I am in a very strange position of being someone whose work, up until the last couple of years would probably have been leaning toward the Dobyns side of things, but whose current work is moving further toward the Hejinian . A number of things determine this. Until the last three years or so, my exposure to contemporary poetry was very much of the “official verse culture” variety, having gleaned a lot of it through things like the Poulin anthology and other Norton-like books. My poetry gods and goddesses began with the confessionalism of Plath and Sexton and continued through to Strand, Gluck, Forche, Dove, and Rich. My work reflected this, pretty straightforward, sometimes lyrical, occasionally narrative. When I began the MFA program, suddenly I was exposed to all sorts of things I’d never really encountered before, having not really gotten much poetry beyond typical English department fare—most of it pre- or early 20th century. Contemporary poetry, if we covered it at all, tended to end around the mid-seventies. Suddenly, all these other poetic models were cropping up, some of which I liked (like Imagists, the Surrealists) some of which I didn’t (New York School, Langpo). I became much more aware of what was possible, and my work began to reflect that.

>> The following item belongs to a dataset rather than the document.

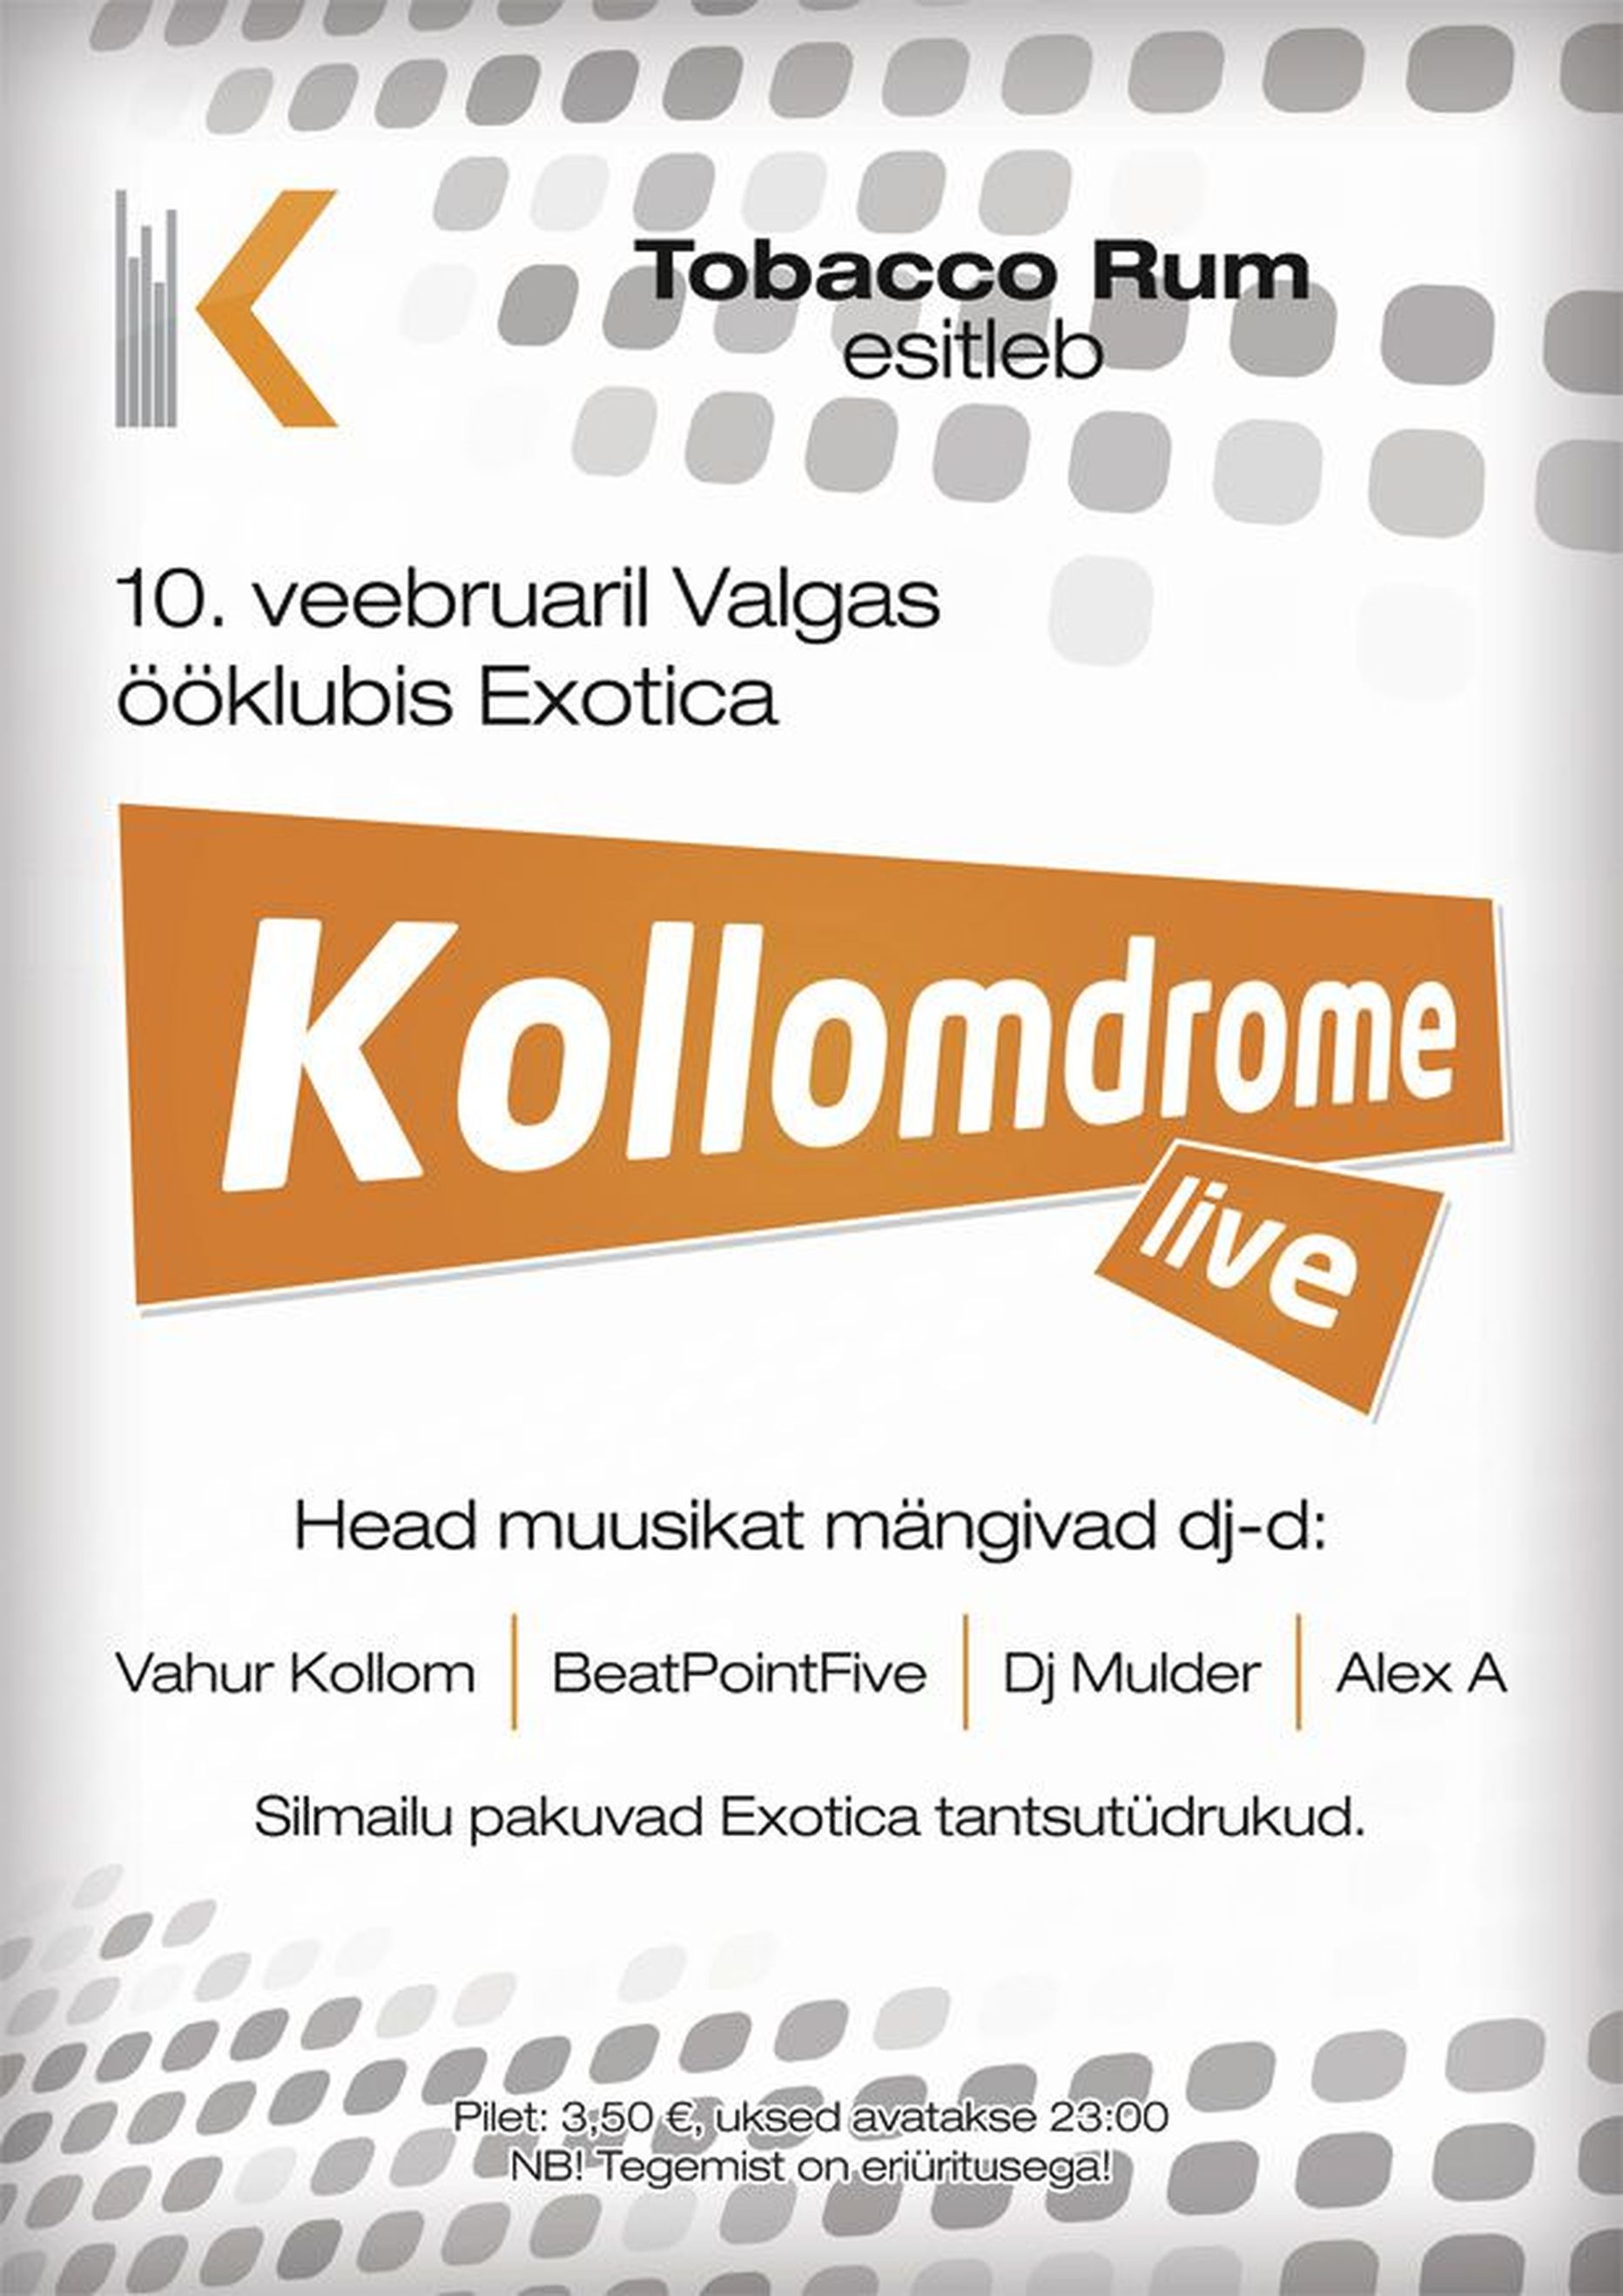 Kollomdrome live sel reedel Exoticas!

Unlike what I see with a lot of Langpo and its spawn, I still think language “means,”—at least something, and that a poem ought to have some internal logic, even if that logic doesn’t always conform to what’s outside of it. I do agree that the word and the thing are not always necessarily aligned, but there’s a tension in that which works well no matter which camp you fall into. I also think that the referential and associative quality of language should somehow co-exist with being challenging and interesting—different from everyday speech yet still the same somehow. I want something recognizable and accessible to draw me in, but also things to be just a little bit skewed and unexpected, perhaps in image, or logic, or syntax. And I want a certain tightness, preciseness, even occasionally density. So much of what I see, especially in more mainstream journals is too loose, too prose-like, too sloppy. Most of it the same first person—sensory experience-followed by some sort of predictable epiphany. And yet I look at a number of journals with a more innovative bent and I’m often lost as how to enter the poems, lost as to what sort of terms to apply to them. And yet I don’t want to avoid challenging language. But I don’t want difficulty for difficulty’s sake either.

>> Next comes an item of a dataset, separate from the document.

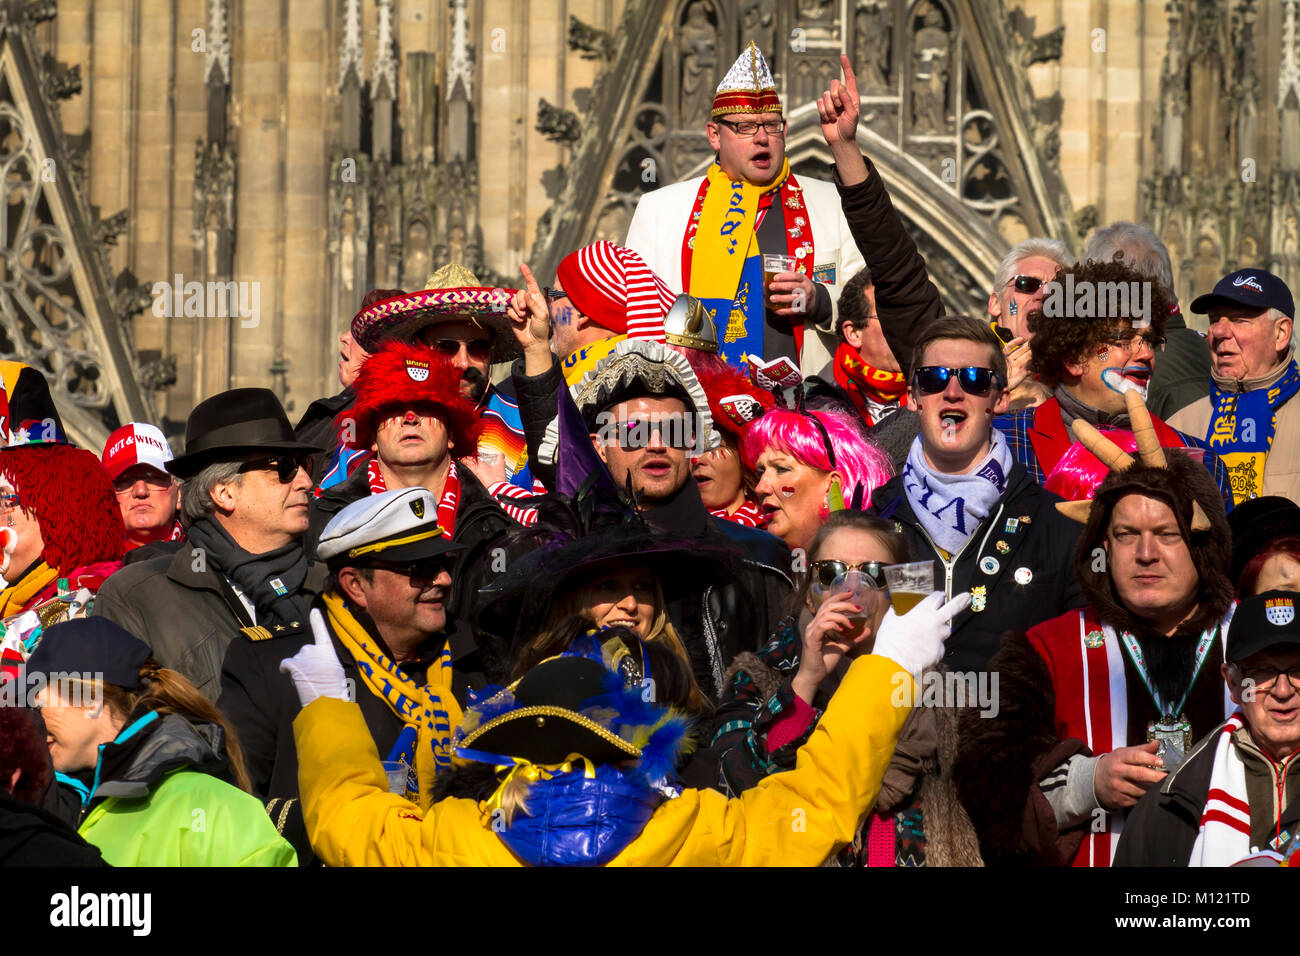 Germania, Colonia, Carnevale Martedì Grasso lunedì processione, spettatori su uno stand presso la cattedrale. Deutschland, Koeln, Karneval, Rosenmontagszug, Zuschaue Foto Stock

My process in writing is probably far more innovative than its end result. I tend to use a collage techniques a lot (not always necessarily the found aspect, but more the layering), sometimes also incorporating other text, or in dialogue with other texts. Formally, I probably fall more on the Dobyn’s side, typically writing in stanzas, in poems about a half a page to a page in length, and yet my poems tend have more impact as longer projects than they do just on their own--like fragments that often form a whole. They tend toward more or less everyday language, but that language has increasingly become more and more fractured, denying that unified and consistent voice.
I’m probably most often stuck right in the middle of the continuum, some of my pieces moving a little bit more left, some a bit more to the right. So the contemporary poetry scene tends to frustrate me endlessly. I see it all the time, one side completely dismissing the other as either indecipherable on one side or predictable mainstream blandness on the other. Granted both are right on some counts (I’m thinking Bruce Andrews nonsense on one side and Billy Collins vanilla on the other.) But there’s a whole spectrum in between that’s ignored when people start dividing into camps.